Командир, один из всего отряда, был тем, кем называл себя - ваххабитом. Молился, постился, жил то в землянках, то в грязных зачуханных домишках покинутых жителями селений, на "этой стороне", или в соседней республике, что зовется Страной гор, свято исполняя заветы Всевышнего: не укради, не убей, не возлюби… в равной степени правоверных и гяуров. Газават как одну из ступеней джихада за него исполняли другие, он же ограничивался усердием, направляемым на духовное самосозерцание, на искупление грехов своего воинства и на разработку планов маленьких "священных войн", по освобождению братьев по исламу, притесняемых неверными на берегах священного Каспия. Прожив всю жизнь в горах, он прекрасно ориентировался на местности и ориентировал других, посылая свои отряды, группки в дюжину человек, лучших его людей, - в те или иные села, проповедовать чистый ислам, салафийю, словом и делом. Хотя для них, в отличие от командира, проповеди только мешали исполнению конкретных заданий, джихад им был лишь "священной войной" без соблюдения когда-то в незапамятные времена установленных правил, проповедуемых пророками: о женщинах и детях, о неверных, уверовавших во время битвы в истинного Бога и воскликнувших об этом…. Командир принимал их грехи на себя, они знали это и с этой верой уходили в свои "священные войны". С ней же и возвращались.

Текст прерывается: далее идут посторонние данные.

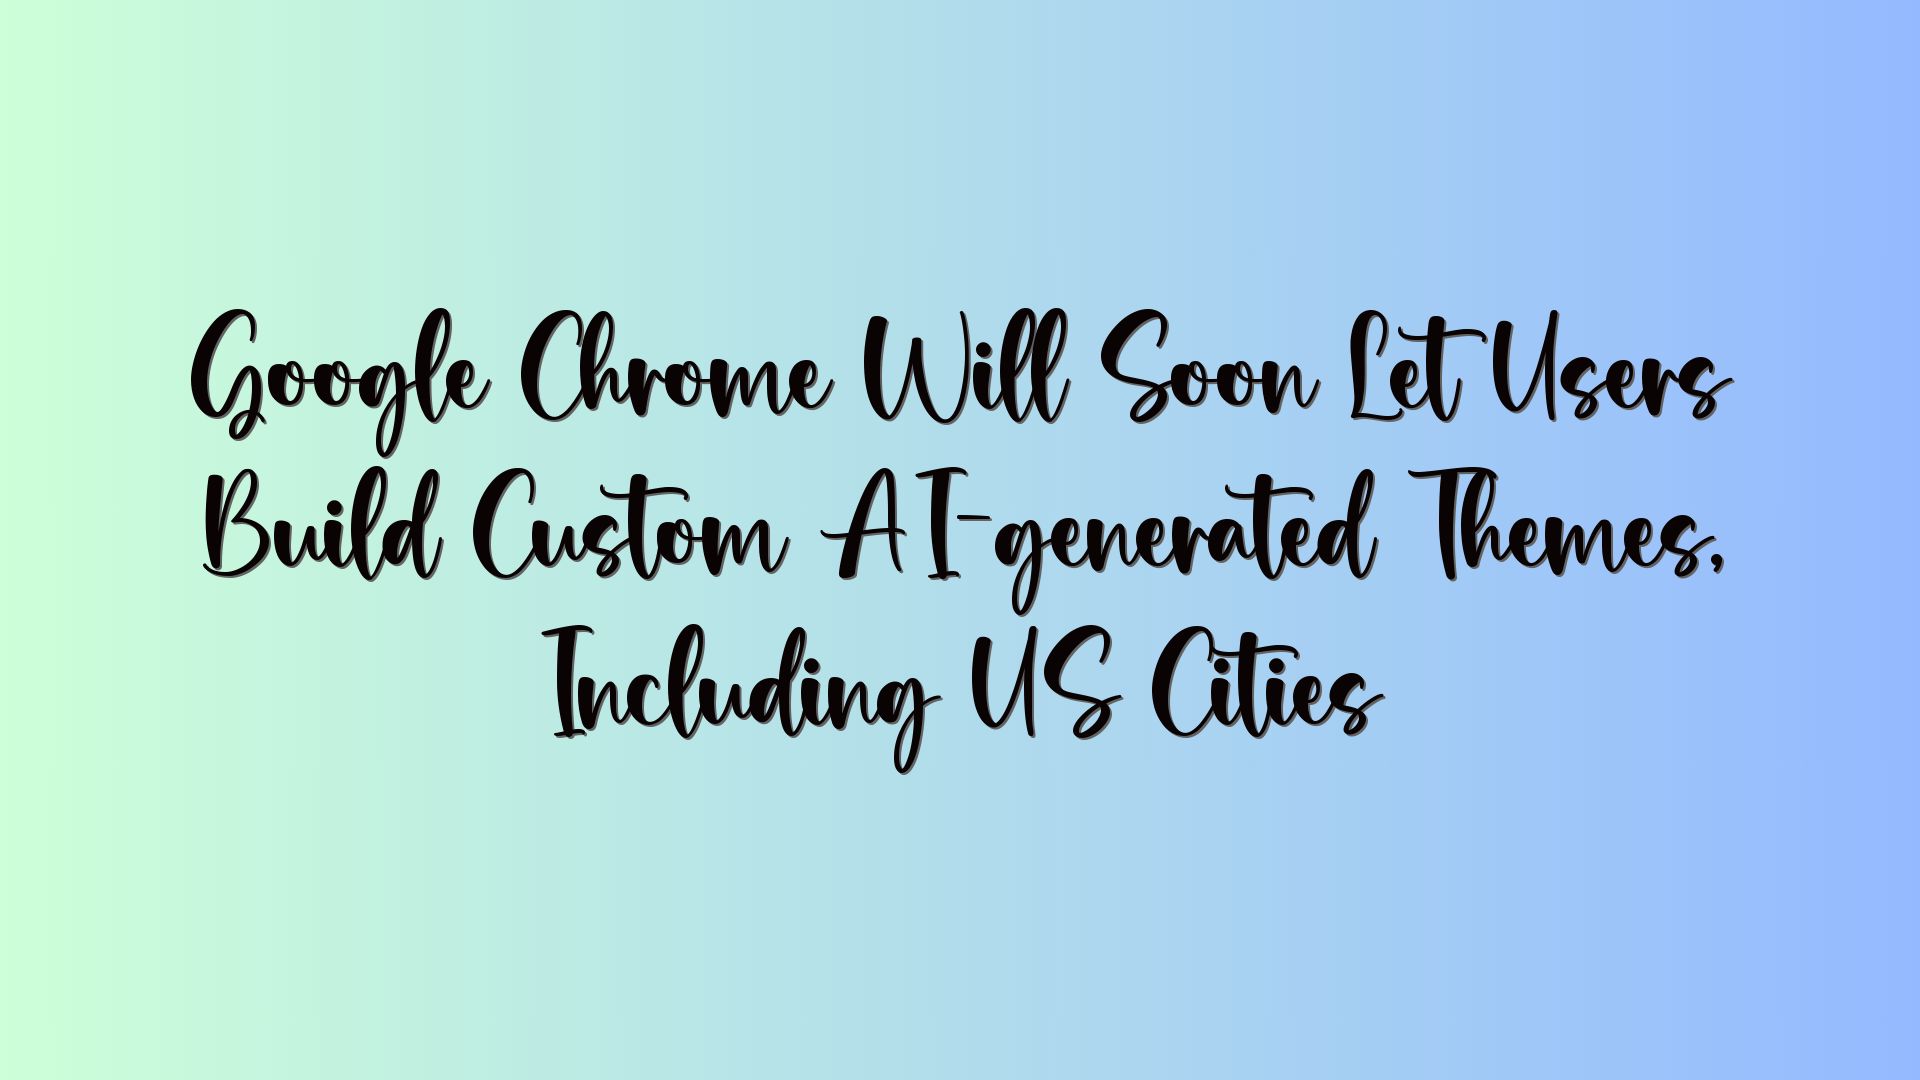 Google Chrome Will Soon Let Users Build Custom AI-generated Themes, Including US Cities

Он не знал, где его командир брал деньги, оружие, литературу, словом, все необходимое для проведения операций. Он ни с кем не сотрудничал, презрительно относясь к полевым командирам, чьи эмиссары приезжали к нему порой с тем или иным заманчивым предложением на роскошных внедорожниках, всеми доступными способами избегал навязываемых услуг и отказывал на просьбы о помощи людьми.

Командир был носителем истинной веры. И потому только он сам обучал новичков Корану. Плохое прилежание наказывалось палками, бегом вокруг лагеря, либо иными физическими упражнениями, - ведь воины ислама должны быть сильными и ловкими, знающими, что борются они лишь ради единого Аллаха, и только во славу Его. Когда он говорил, казалось, глаза, спрятанные за темными стеклами очков, пылают ненавистью к нечестивцам или горят жаждою благодати, точно он, там, за стеклами очков явленно зрел пред собою ангелов.

И потому еще, быть может, он никогда не снимал очки, чтобы слушавшие его не могли заглянуть ему в этот момент в глаза, а, следовательно, и в душу.

Лишь только он был случайно удостоен этого. Лишь он один увидел пепельную пустоту глаз своего командира, творящего намаз в одиночестве пред столь же пустыми беззвездными небесами. И успокоился, ощутив это удивительное единение, родство, о котором он никогда прежде не смел задумываться. И успокоение это, а вместе с ним и уверенность в человеке, чьи глаза напоминали ему небо, не покидало его уже никогда.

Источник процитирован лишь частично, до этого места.